# Snarling and nipping



## fjm (Jun 4, 2010)

My first question would be whether anything else has changed in the last month - new people, perhaps, or a change in routine? Is there any possibility she is in pain, in which case a vet visit would be a good idea. It could simply be that after 12 months with you she is finally feeling confident enough to claim her own space and make her feelings known. I rather suspect that in a very understandable effort to make up to her for her miserable start in life and show her that she is now loved you may not have been focussed on teaching her good house manners - now is the time to start! 

What does she love best in all the world? Food? A special toy? A back rub? Use that for rewards. Arrange things so that she can get up and down unaided, or use a large cushion for training. Invite her onto it, praise and treat. Invite her off, praise and treat. You may need to lure her at first, but move as quickly as possible to just using a hand gesture and cue word. Repeat, repeat, repeat, in as many different situations as are safe.

For budging out of the way I would toss a treat or toy to one side while asking her to move. Then ask her to move before tossing the treat. Eventually you will reach the stage where praise is enough most of the time with occasional higher reinforcement just to keep things going. I would also introduce a cue word or gesture before picking her up - many small dogs actively dislike being picked up, and do better if they have some warning and feel they have some control over it just as they hate being loomed over.

In the meantime try to manage things so that she does not get the opportunity to practice the bad behaviour. Don't lift her onto the sofa - give her a comfy bed where she can be undisturbed. If you are busy and she is under foot give her a good chew in her crate or another room. And remember growling is communication - ignoring it, or scolding the dog for growling, can lead to just this sort of escalation into snarling and nipping.


----------



## Tania (Jun 23, 2017)

Thanks so much for your help.

We are going to start the treat idea. We will put a treat away from where she is to move her. And hope that eventually she will move on command. 
Also trying to work out how to set up for her to get up/down on her own from the sofa.

Really appreciate it.


----------



## glorybeecosta (Nov 11, 2014)

I do not let mine jump up either, and have no problem, I have 3 so I always use the name of whichever I am dealing with. Never had a problem, but if they are asleep I wake them first, as Sage will growl and I have one previous that I to be awake before moving her


----------



## Johanna (Jun 21, 2017)

If this behavior started suddenly, maybe she is in pain? It's something to consider.


I am surprised she cannot get on/off the sofa. I have a chihuahua who not only jumps on the sofa, she then proceeds to jump up on the back of the sofa to get a better view. It takes her a few bounces to do it, but she's a determined little rascal.


----------



## lily cd re (Jul 23, 2012)

I have seen rescued dogs that didn't show their true selves until about a year after arriving at the home in which I met them as well as seeing them evolve trust over time to show their true selves after re homing that lasted for many months.
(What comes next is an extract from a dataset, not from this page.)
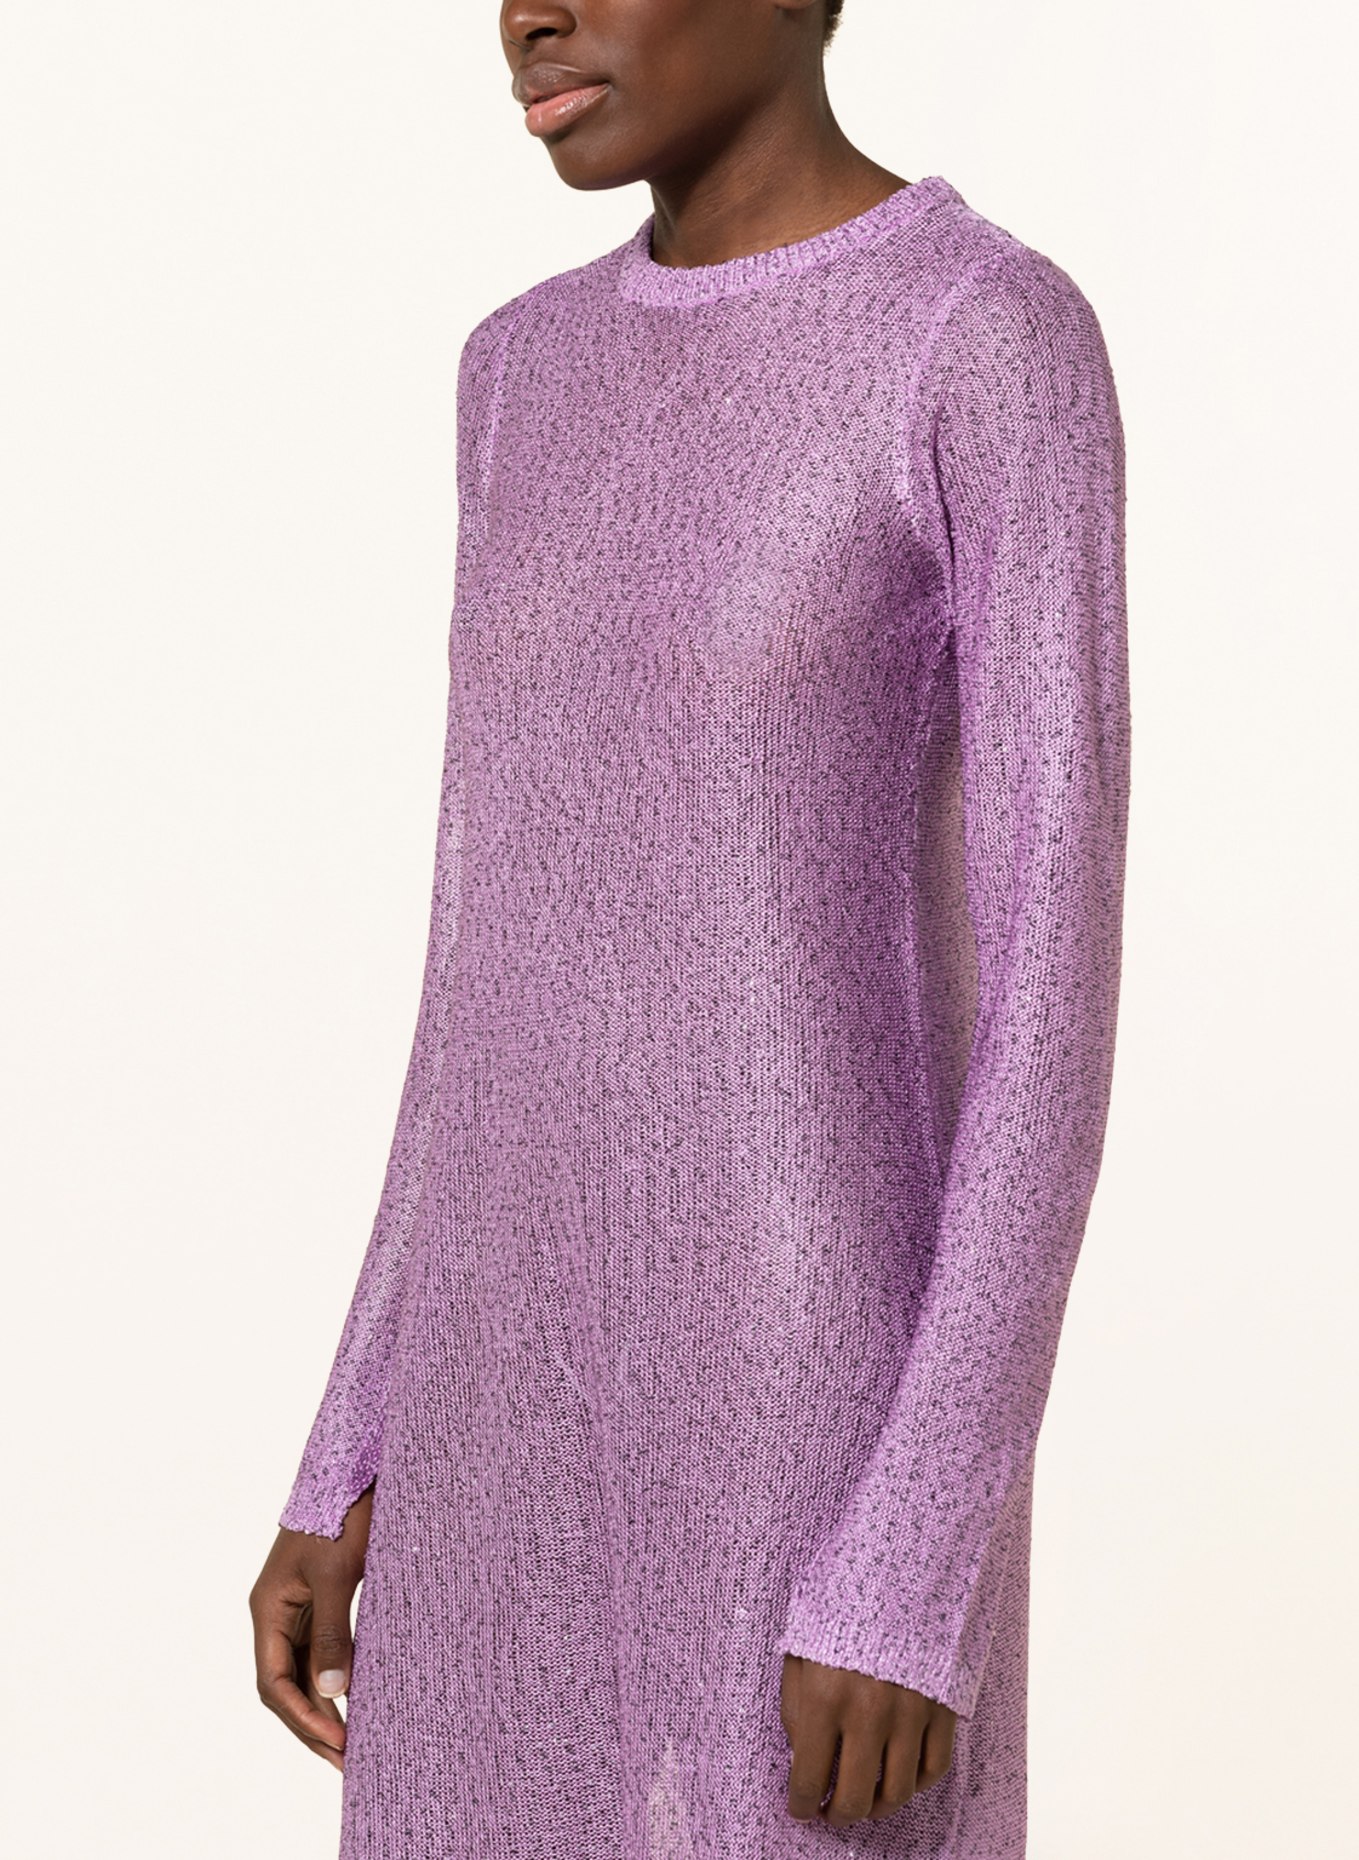 REMAIN Knit dress with sequins, Color: LIGHT PURPLE/ DARK GRAY (Image 4)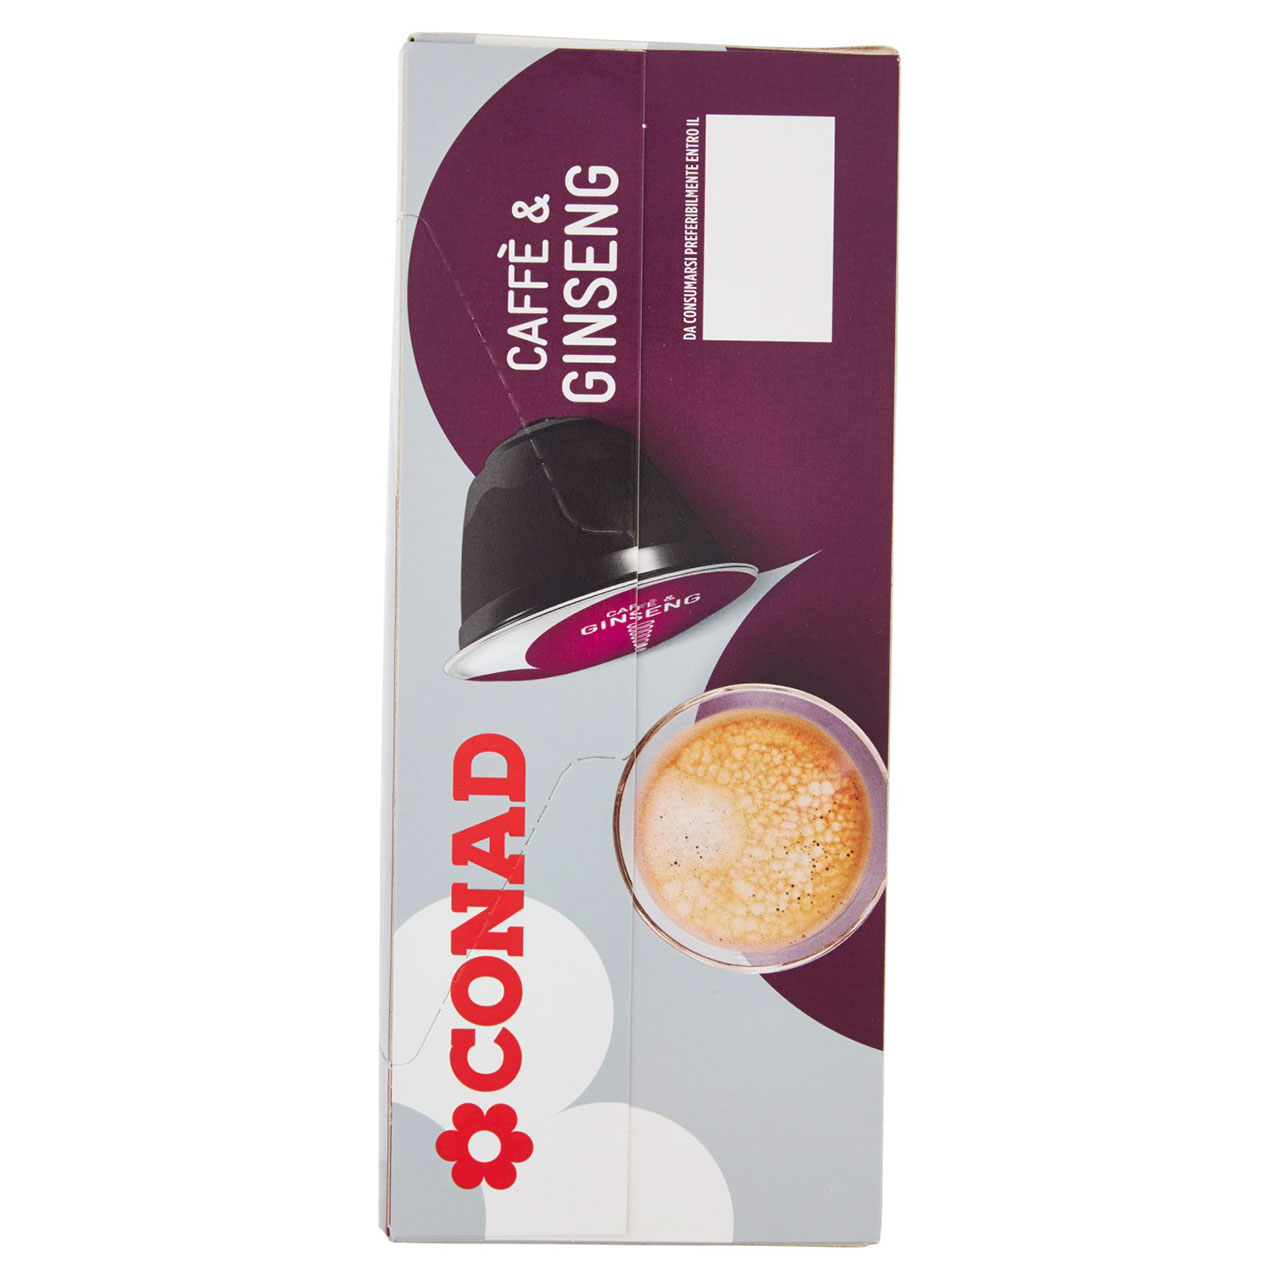 Caffè & Ginseng 16 Capsule Dolce Gusto Conad

Why was Ginger kept crated so much in her previous home? Could it have been because of aggression issues? I think you need to try to investigate that. In the meantime I would not allow her onto your furniture. You own the furniture, she doesn't. Be careful with using treats to make her move. If you put it where she can grab it then she won because she can just scoot back to where you didn't want her to be. It also is a sort of thing that can easily turn into a bribe.


----------



## Tania (Jun 23, 2017)

Johanna said:


> If this behavior started suddenly, maybe she is in pain? It's something to consider.
> 
> 
> I am surprised she cannot get on/off the sofa. I have a chihuahua who not only jumps on the sofa, she then proceeds to jump up on the back of the sofa to get a better view. It takes her a few bounces to do it, but she's a determined little rascal.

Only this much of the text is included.